Camae is actually an angel sent by God to bring Dr. King up to heaven. The two then engage in emotional discussions amongst themselves and on the phone with God, until Dr. King accepts that he needs to hand off his struggles to a new generation of activists. Dr. King then walks out of the room, hand-in-hand with Camae, toward the balcony where he spends his last few moments on Earth.

“The challenge of preparing to play M.L.K. in Katori Hall’s “The Mountaintop” is that you are representing and tackling an icon,” stated Powell, who played Dr. King. “I, as the actor, am conscious that people are projecting all of their views, thoughts, and emotions of Dr.

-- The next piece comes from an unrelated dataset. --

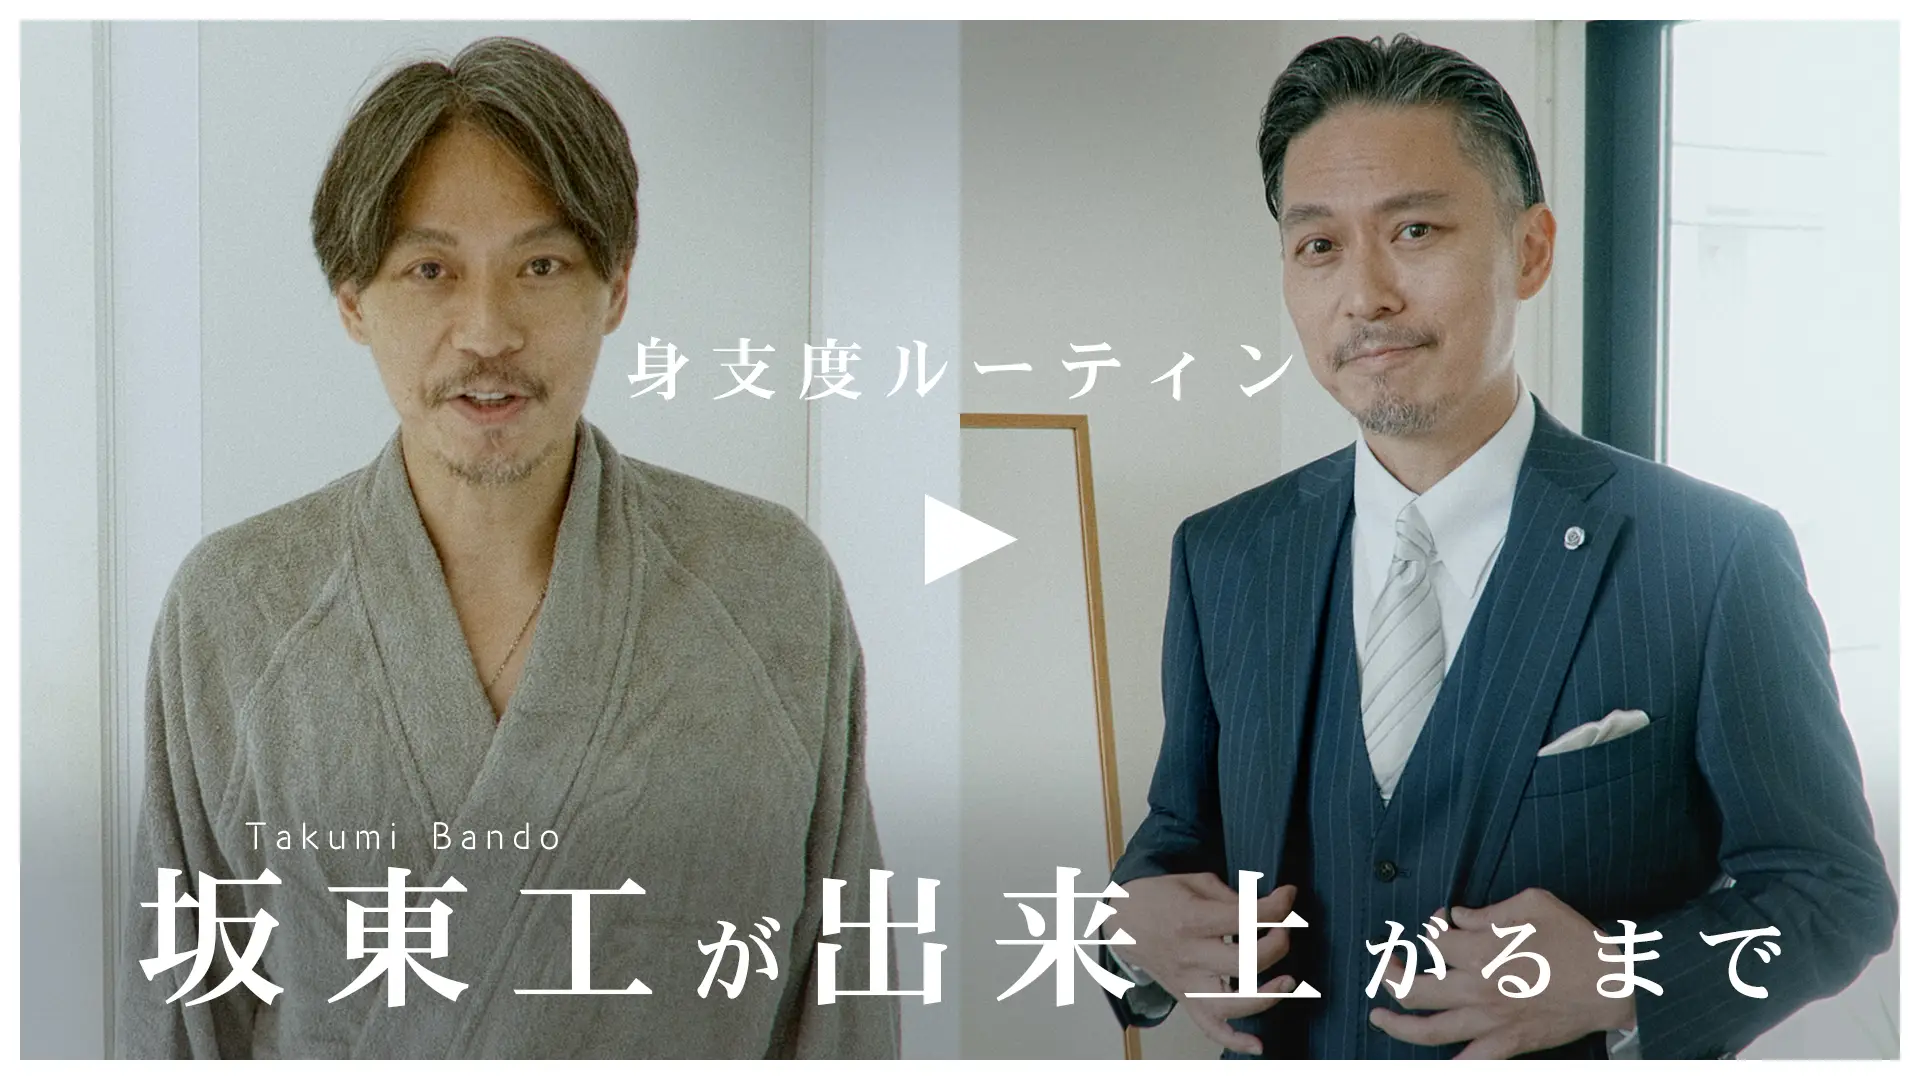 「坂東工は香りとともにオンになる。」こだわりの身支度ルーティーン動画を『TIMELINE クラウドファンディング』で公開

King onto me, more than they would any other character. So, I’m constantly conscious of that and I have to remind myself that I am not just playing Dr. King; I am excavating and looking for the King in me.”

Dr. King’s image has gone through a major transformation in this country since his death: the year of his assassination a Harris poll found that Dr. King held a public disapproval rating of almost 75% and had for years been a priority target of the F.B.I., who attempted to defame him as a communist sympathizer. This negativity followed King’s focus on desegregation in the North, his fierce anti-Vietnam War stance, and his advocacy for redistributive policies to help the poor.

Compare that with the present-day image of Dr. King, who in 2011 had a Gallup poll favorability of 94%, whose “I have a dream” speech has been changed into a colorblind message to “move on” past the U.S.’s history of racism, and whose voice is being used to sell pick-up trucks.

“The Mountaintop” attempts to bring the audience back to the man himself, challenging the narratives presented in the modern-day discourse around Dr. King. It brings the audience a King who is tired and bitter about the way he has been treated by many of the people who once championed his ideas. He is a chain-smoker and a womanizer, who likes to curse and talk about the days when he was wild and young. But, despite these very real, “warts-and-all” characteristics, he remains a man who in the face of great obstacles is determined to fight for what he believes is right, even when the people who brought him to great fame have deserted him.

Across from the character of Dr. King is Camae, whose beauty and youthful wit belie the facts of her past life: before being tasked by God with the responsibility of accompanying Dr. King into the afterlife, she was a prostitute who was killed by an angry blue-eyed man.

At a college campus living through an age when the blinders of the color-blind philosophy taught to us as children are being ripped off by racism personified in tiki-torch marches and the office of the presidency, it is important to see these transformative portrayals of the heroes like Dr. King who we would like to imitate in our lives. When civil rights icons and other great humans are seen as superheroes, deprived of their human errors and struggles, students cannot help but believe that the greatness needed to change the world we live in is untenable to an everyday person.

“Most of the time we feel like our shortcomings stop our destiny from becoming a reality,” said Powell, after the show. “So I think when you see someone in such a human way, you begin to understand that the shortcomings may in fact be what make you great.”

As the play transformed from an examination of the real Dr. King to a more surrealist struggle between King, the angel Camae, and God, (over the telephone) Camae communicates God’s message that it is time for King to “pass the baton” to the next leaders of the struggle.

Irving stated that this idea, of passing the baton, really stood out to her in this play: it spoke to this idea of doing as much as you could, no matter how small, knowing that there would always be others there to pass the baton to, in the struggle to change the world.

At the end of the play, Powell’s voice trembled with the oratorical grandeur of Dr. King’s most famous speeches as he delivered his final sermon in the motel room. The crowd sat enthralled as King moved through visions of the future: of the great, the horrible, and all the extraordinary events that occurred in the U.S. and around the globe in the arenas of racism and social justice from after he died up until almost the present day. His sermon ended with his voice echoing the refrain.

“The promised land is so close, and yet so far away.”